--- DATA BELOW ---

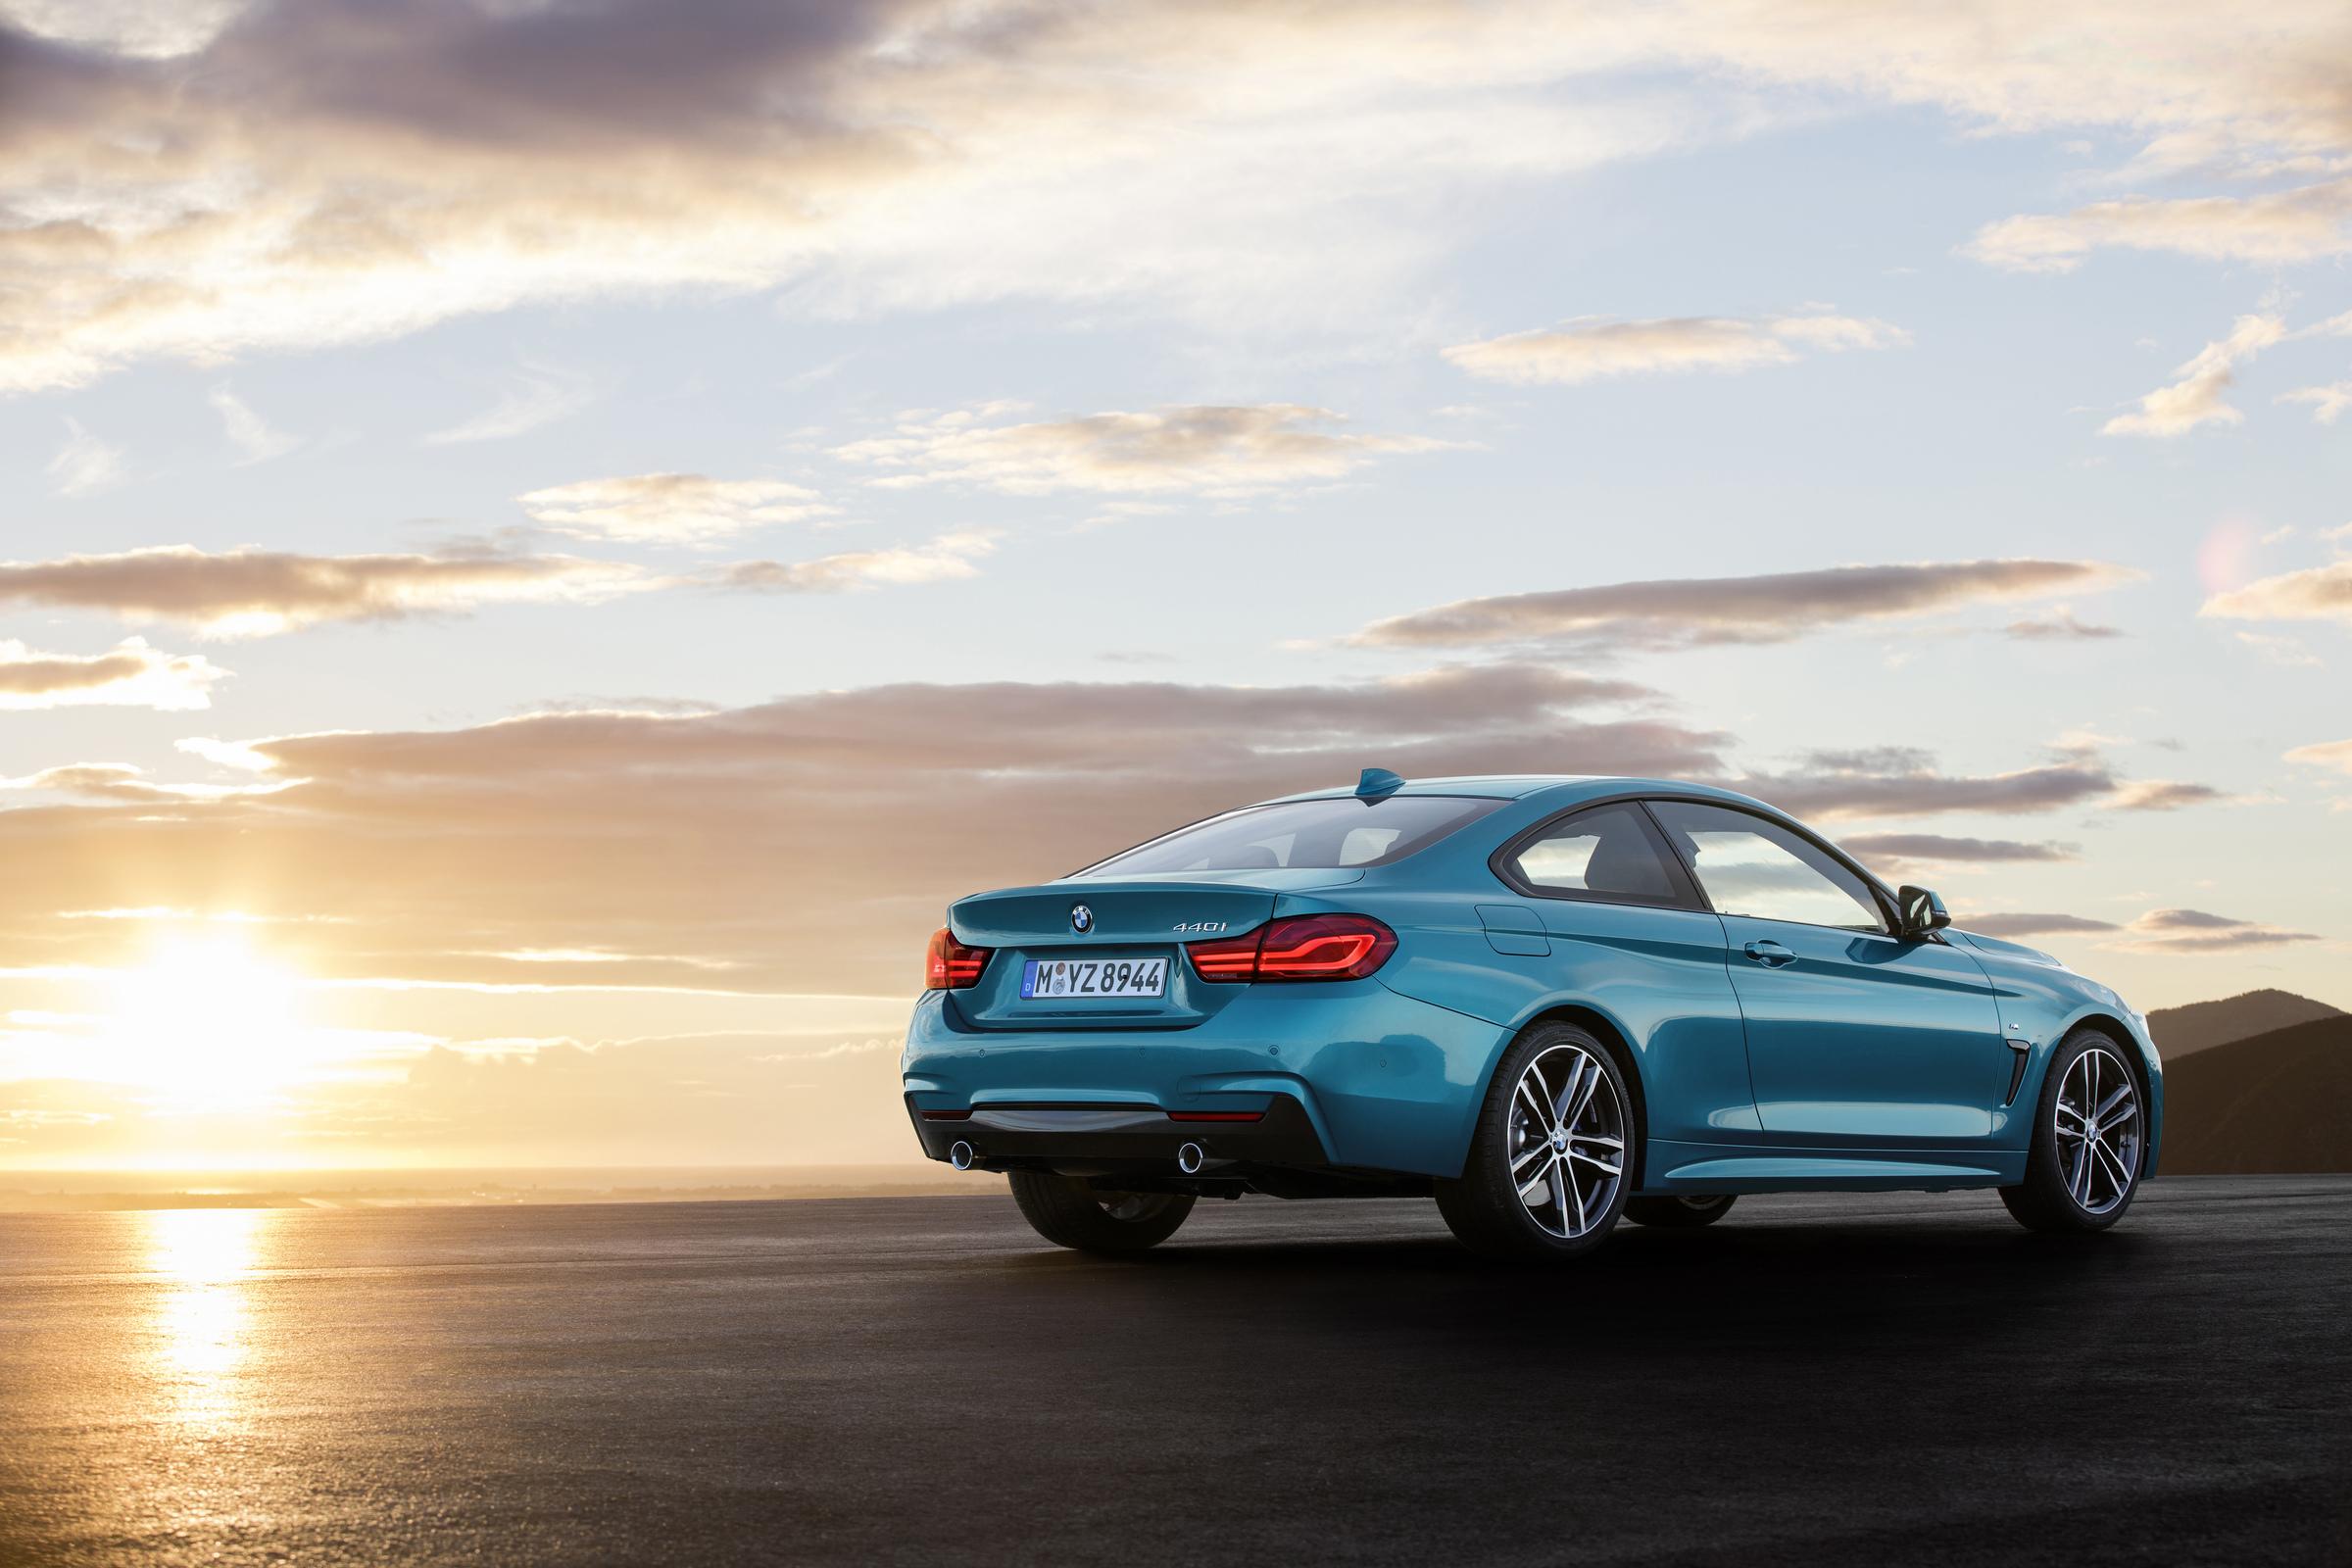 BMW 4er Coupé im Sonnenuntergang
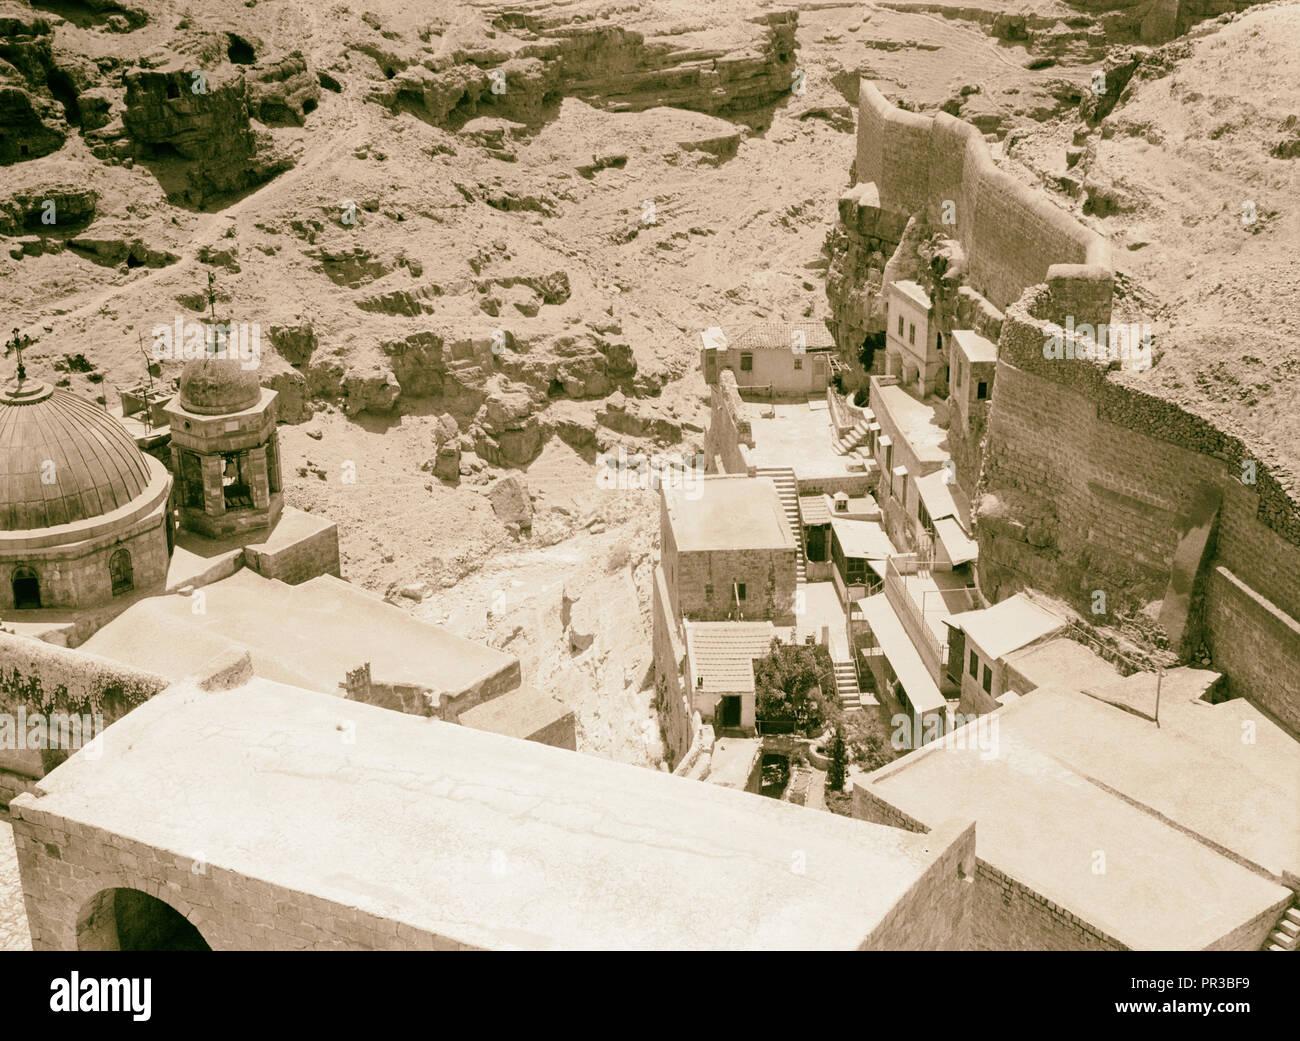 Mar Saba. Convent enclosure 1934, West Bank - Stock Image
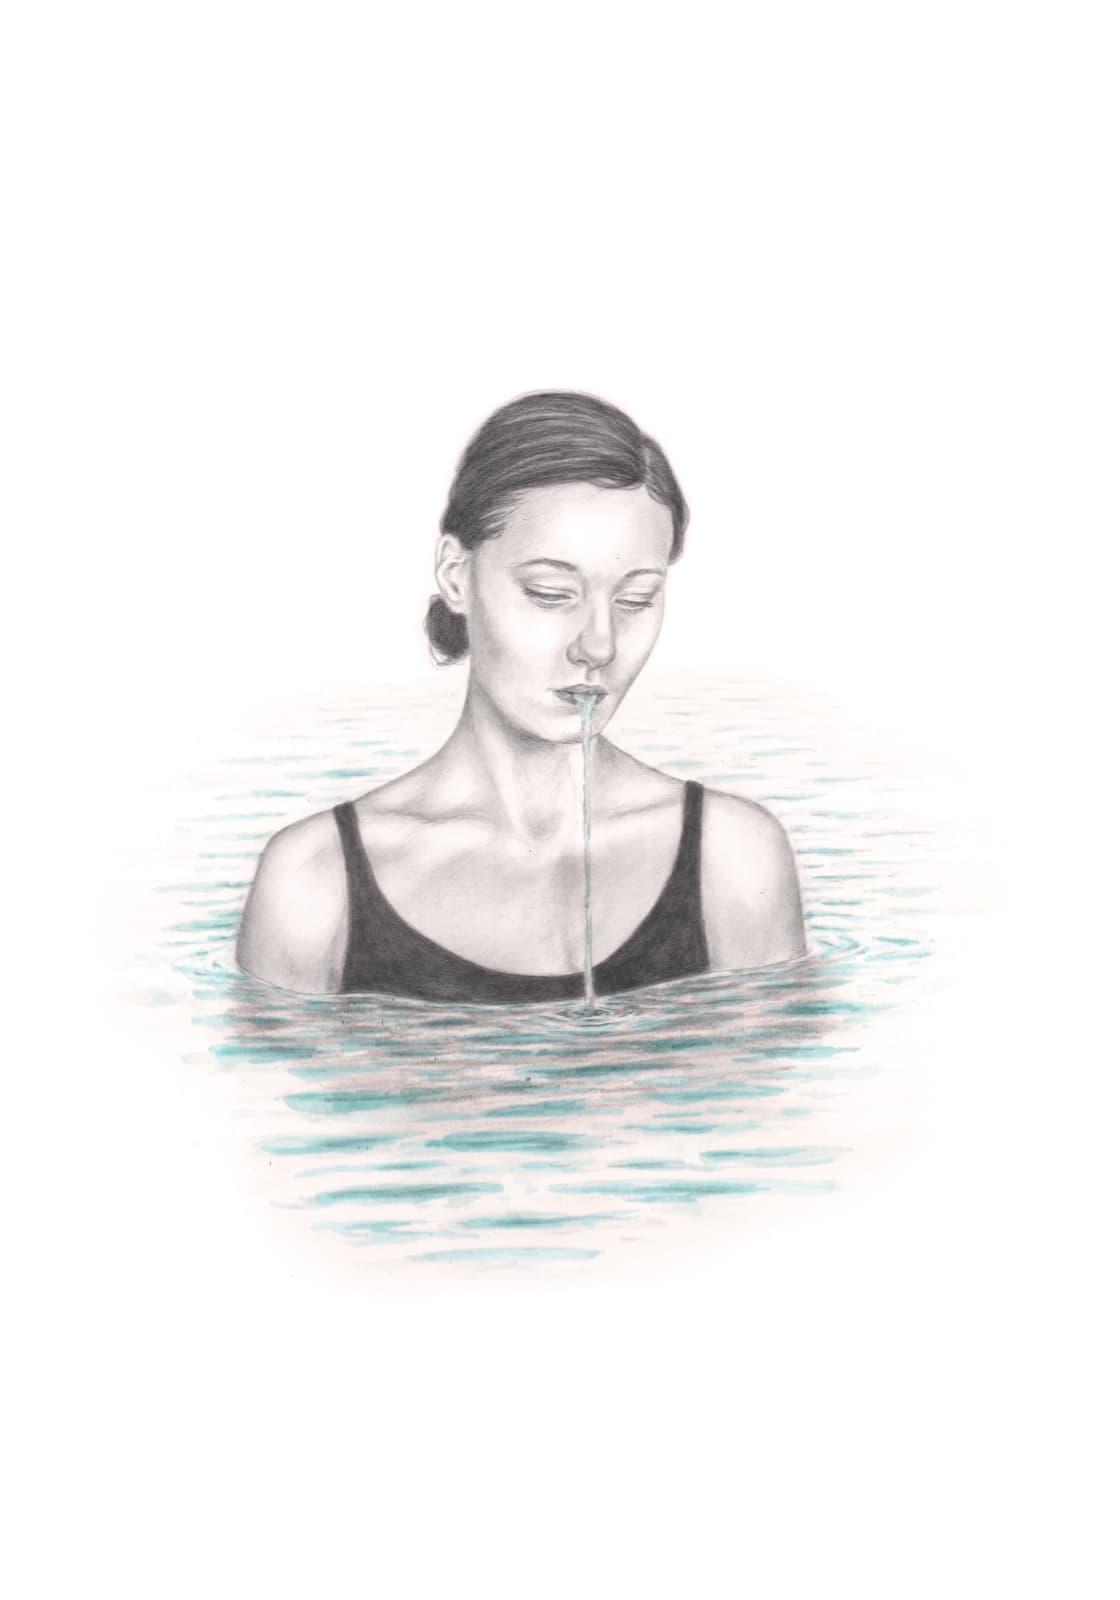 Rachel Goodyear, Dribble, 2021

---

### PROBLEM TO SOLVE
Without the images, print all of the lines above exactly.

### RESPONSE AREA
 BMW 4er Coupé im Sonnenuntergang
 Mar Saba. Convent enclosure 1934, West Bank - Stock Image
 Rachel Goodyear, Dribble, 2021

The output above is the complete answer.